Throughputs are same at booth test-setups.

I also did test on 10km link - I change AP antenna (linear polarization) with ~30dB cross-polarization ratio to antenna with ~15dB cross-polarization ratio and throughput (155Mbps) doesn't change. Datarate is 300Mbps (40MHz, 2x2, MCS15), but real throughput is only ~155Mbps - it's maximal throughput of those wifi modules.
So, seems that for MIMO wifi antenna cross-polarisation ratio isn't important. Where I'm wrong?
 

The cross-polarization ratio in antennas is used to share two separate channels on one frequency.

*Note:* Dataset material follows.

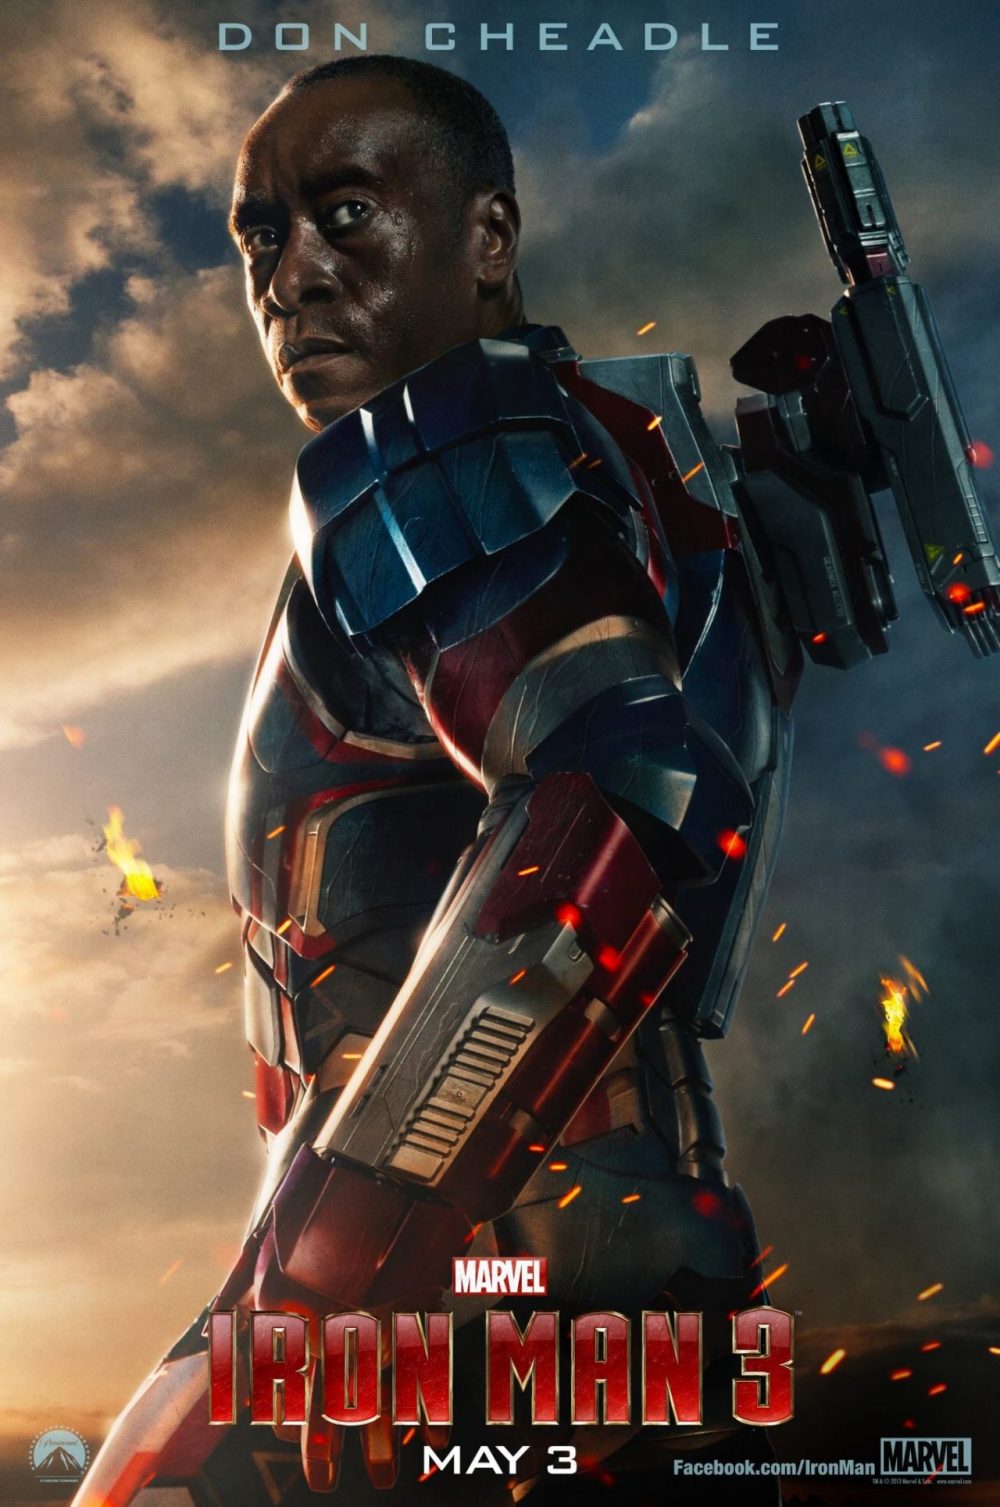 tao hinh cua war machine trong phim e1590762769911 - Iron man 3: Khi những bộ giáp không còn là số một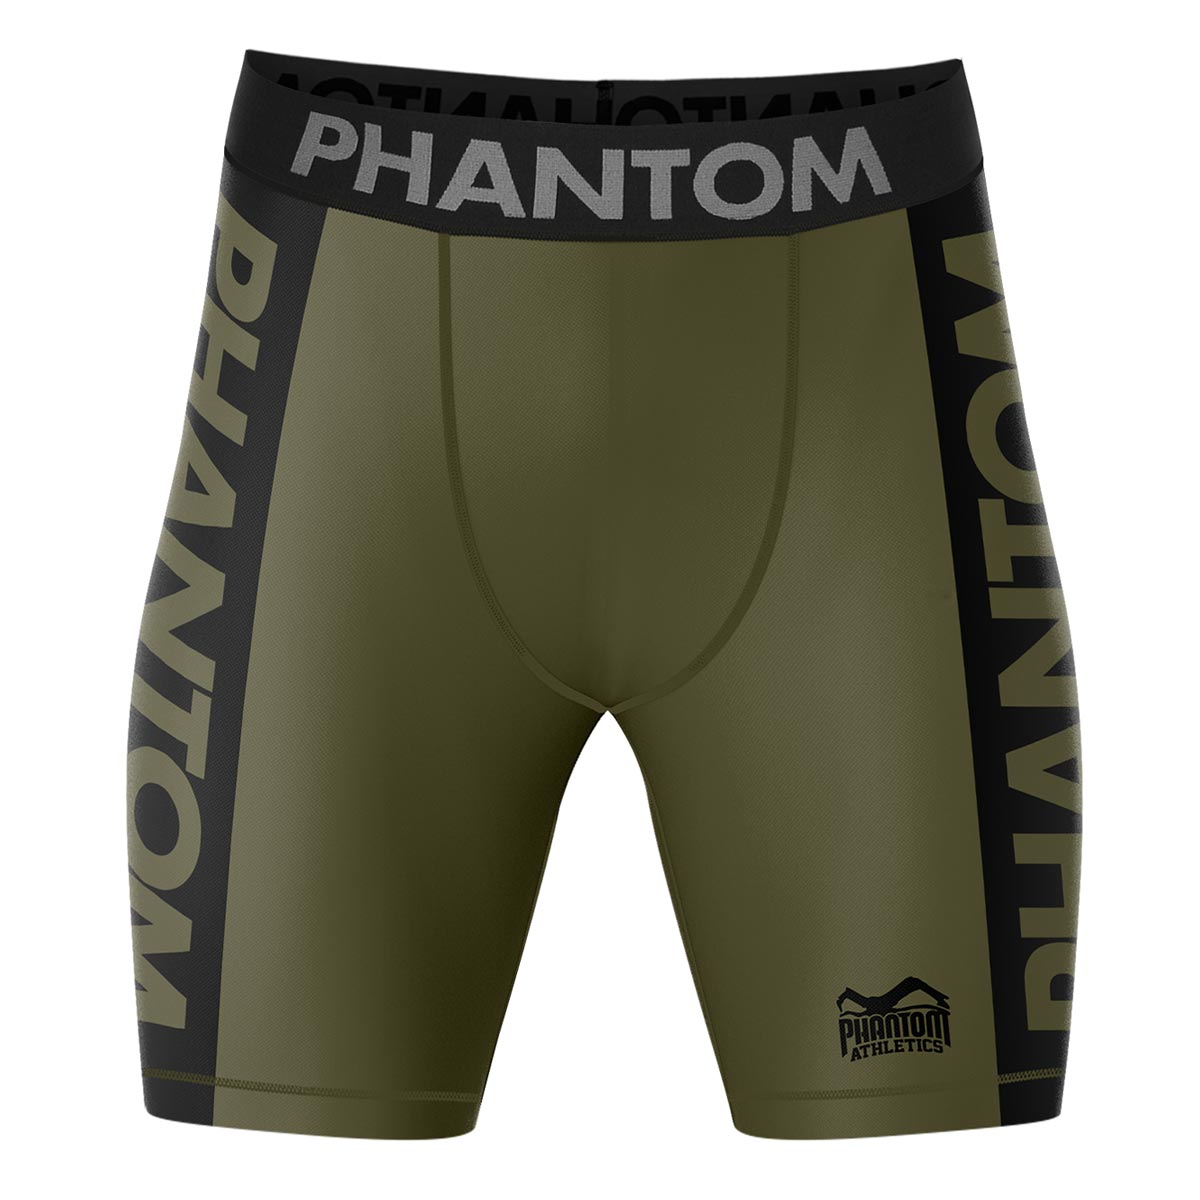 Pantaloncini da combattimento a compressione Phantom in colore militare/verde. Massimo comfort e libertà di movimento. Ideale per le tue arti marziali.

If you only operate one data link on one frequency, your observation would not reveal anything.
Only if you need to transmit two data links on one frequency, from one location to another, you can use two antennas on each end, and e.g. one transmitting vertically polarized wave will send its data signal to the vertically polarized receiving antenna, and vice versa.
If your antennas will have a good cross-pol specification each, then the data link with the horizontally polarized antennas will not interfere with the vertically polarized antennas in the other link.
The use of the orthogonally polarized antennas require fixed pointing of antennas used. Systems like this are used for satellite links and for microwave terrestrial links. Changes in pointing or involving reflections along the path degrade the cross-pol ratio. As Wifi is typically used in a varying environment, I do not think the use of orthogonally polarized antennas could bring an advantage.